● **REQUIRED ACTION**: Every line of the data should be written out exactly, with the pictures left out.

● **SUPPLIED MATERIAL**:
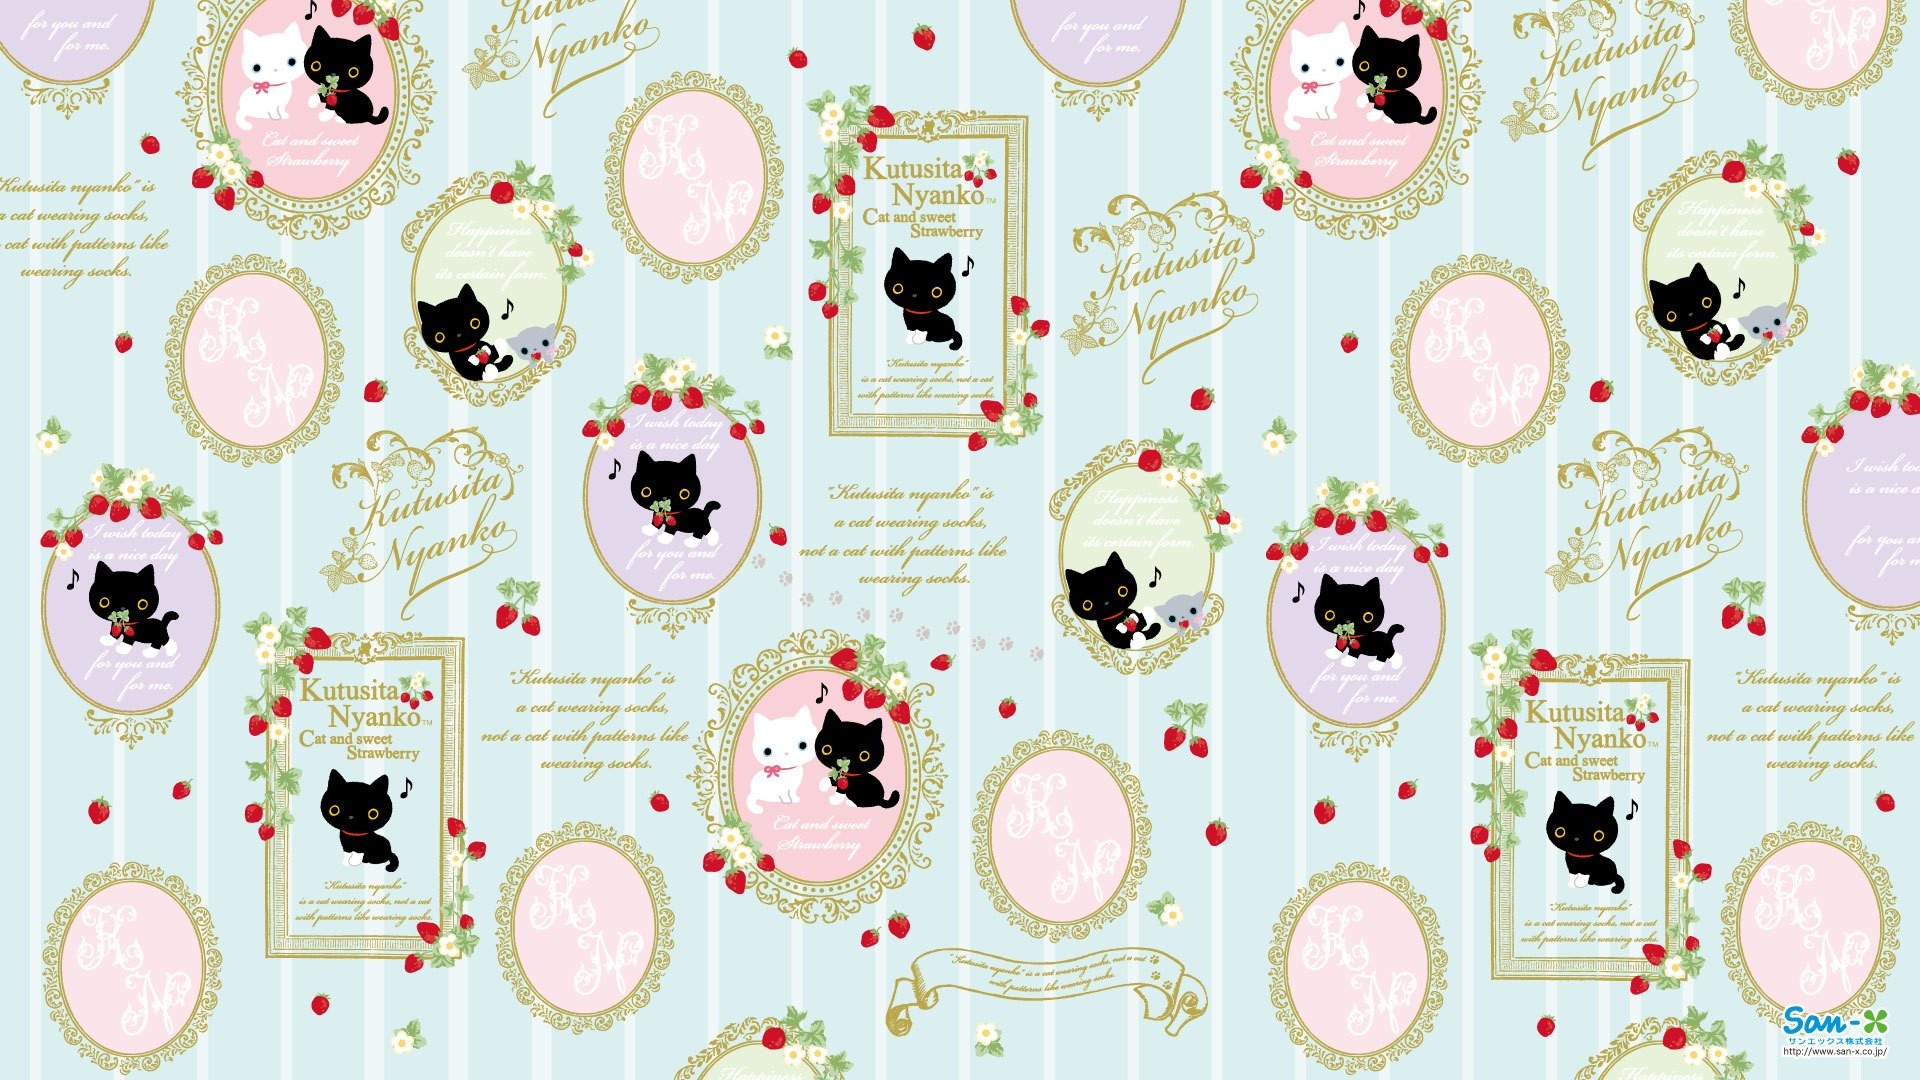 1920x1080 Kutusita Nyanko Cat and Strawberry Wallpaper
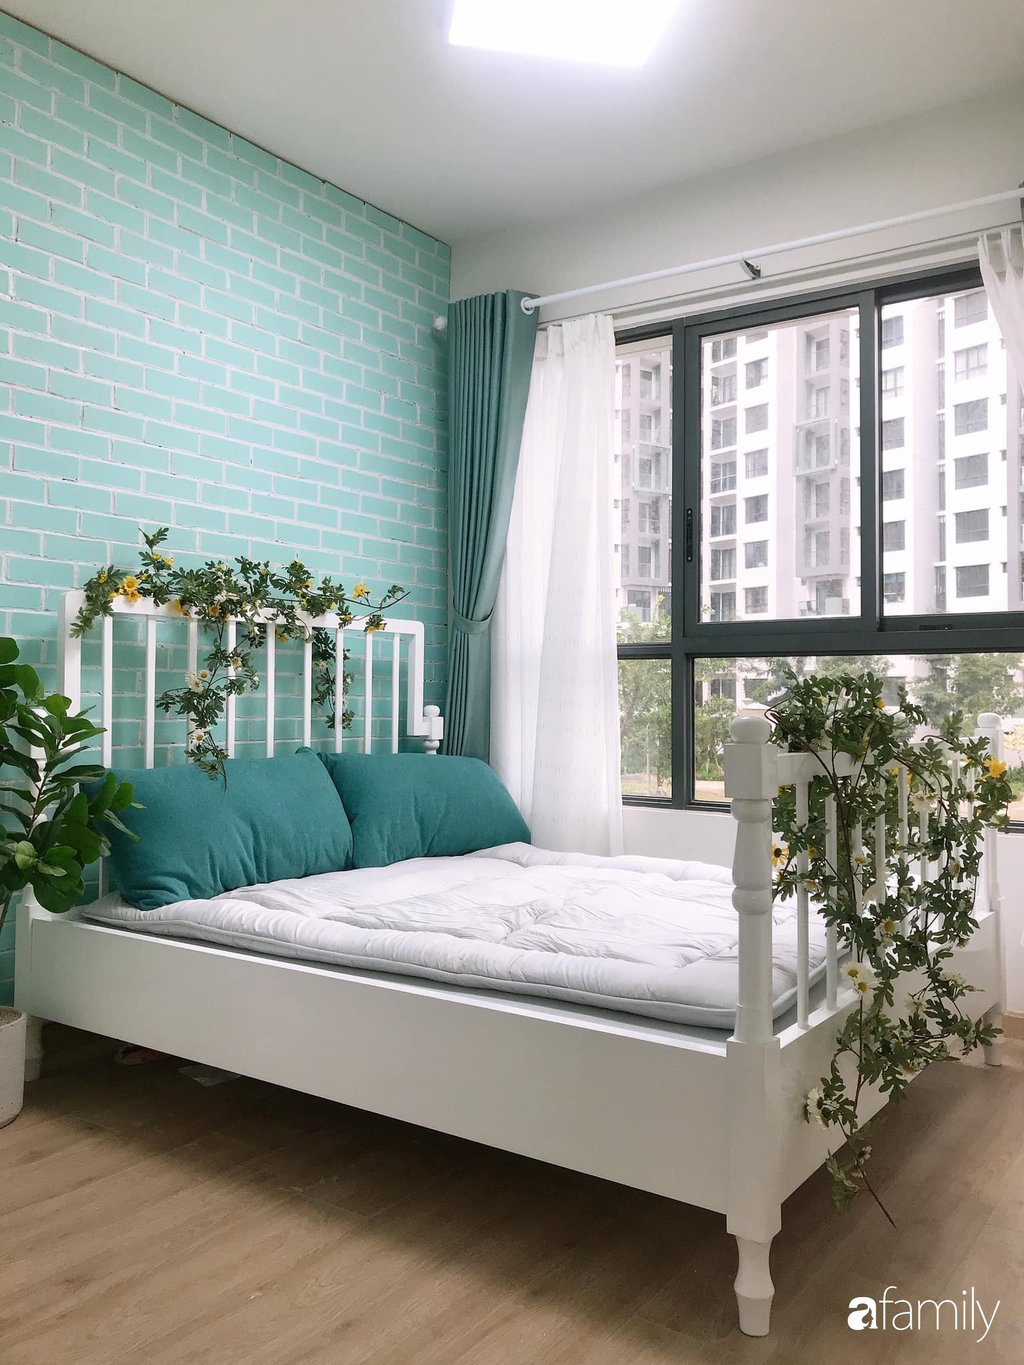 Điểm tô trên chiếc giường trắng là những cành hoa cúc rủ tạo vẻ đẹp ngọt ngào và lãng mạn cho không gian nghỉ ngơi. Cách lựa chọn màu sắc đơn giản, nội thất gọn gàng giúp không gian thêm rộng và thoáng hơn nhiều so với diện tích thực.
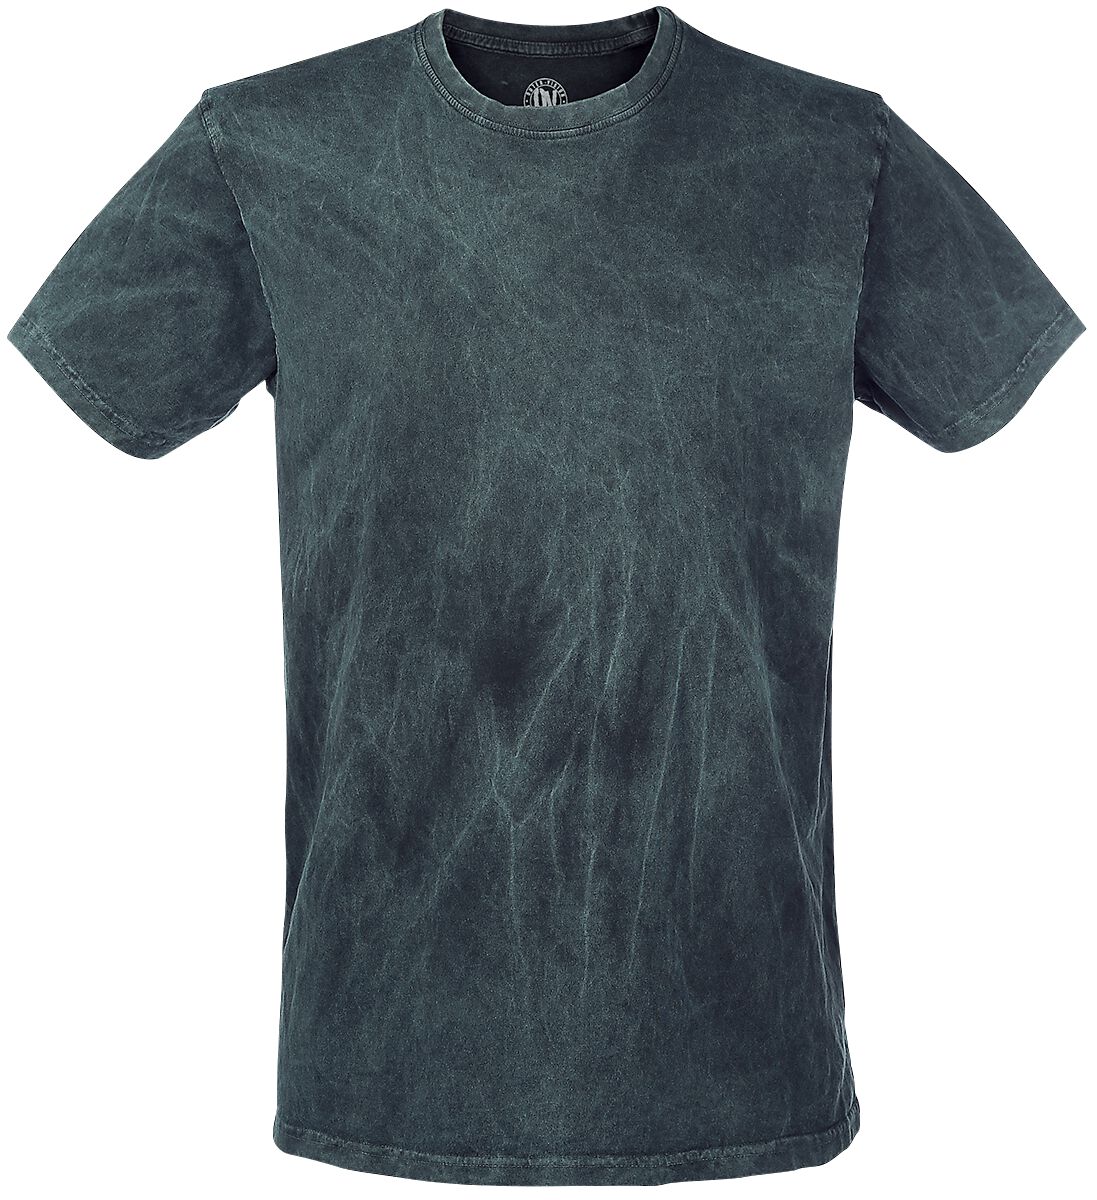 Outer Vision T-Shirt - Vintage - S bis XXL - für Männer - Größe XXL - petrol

● **ANSWER TO THE PROBLEM**:
 1920x1080 Kutusita Nyanko Cat and Strawberry Wallpaper
 Điểm tô trên chiếc giường trắng là những cành hoa cúc rủ tạo vẻ đẹp ngọt ngào và lãng mạn cho không gian nghỉ ngơi. Cách lựa chọn màu sắc đơn giản, nội thất gọn gàng giúp không gian thêm rộng và thoáng hơn nhiều so với diện tích thực.
 Outer Vision T-Shirt - Vintage - S bis XXL - für Männer - Größe XXL - petrol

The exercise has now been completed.